A tobacco extract liquid mixture is provided, essentially as described in Example 2. To that mixture is added further glycerine so as to provide a mixture of about 6 percent tobacco extract, about 93 percent glycerine and about 1 percent water.

Claims

1. A process for providing a tobacco extract comprising

(a) providing a tobacco extract by contacting a tobacco material with a basic material comprising ammonia in the presence of an aqueous solvent; and separating aqueous solvent, basic material and tobacco extract from extracted tobacco material;

(b) contacting the aqueous solvent, basic material and tobacco extract with a liquid having a boiling point significantly greater than water to provide a mixture;

(c) subjecting the mixture to conditions sufficient to remove a significant amount of the aqueous solvent therefrom; and

(d) collecting a mixture including tobacco extract and liquid having a boiling point significantly greater than water, such mixture consisting primarily of the liquid having a boiling point significantly greater than water.

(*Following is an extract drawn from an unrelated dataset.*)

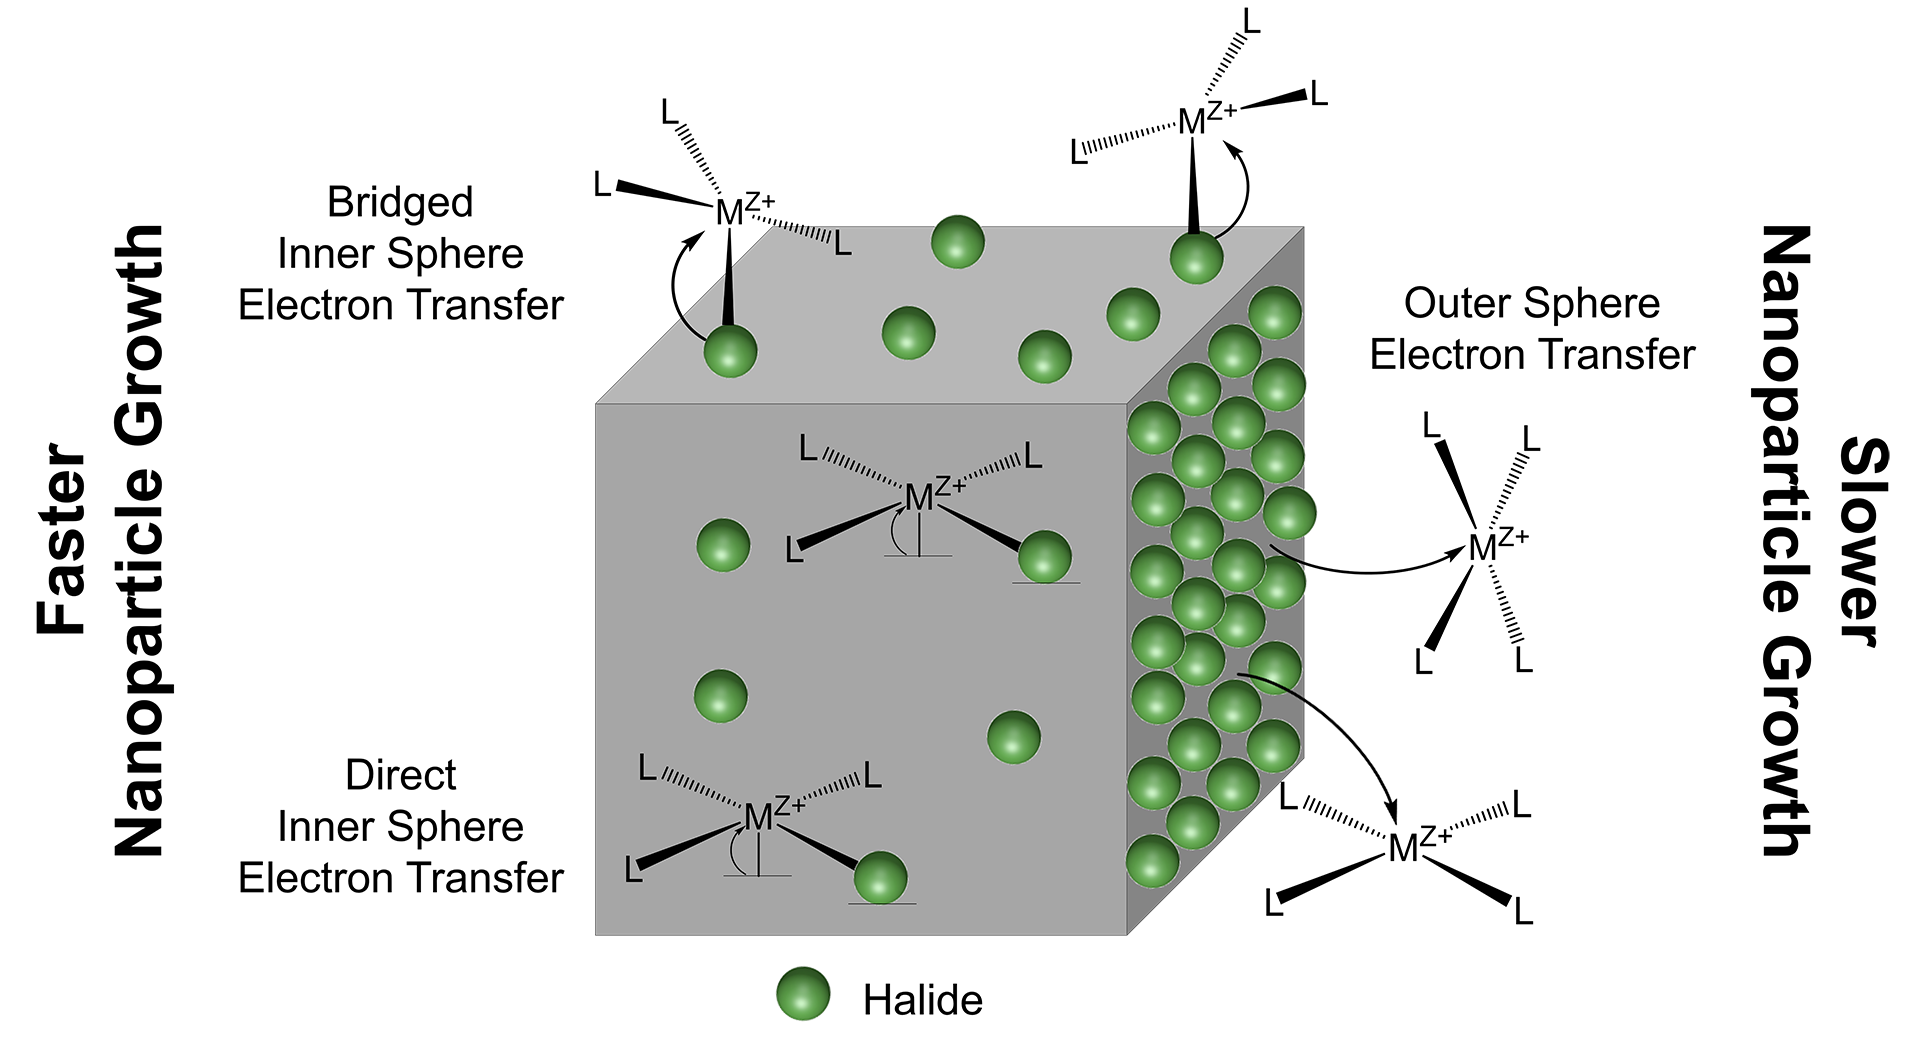 Table of contents graphic showing mechanisms of metal reduction on a cubic nanoparticle.

2. The process of claim 1 whereby the liquid having a boiling point significantly greater than water is a visible aerosol forming material.

3. The process of claim 1 whereby the liquid having a boiling point significantly greater than water is a polyhydric alcohol.

4. The process of claim 1 whereby the aqueous solvent is employed in step (a) in the form of steam.

5. The process of claim 1 whereby the mixture collected in step (d) includes about 60 to about 80 weight percent solvent having a boiling point significantly greater than water, about 20 to about 30 weight percent tobacco extract, and about 2 to about 8 weight water.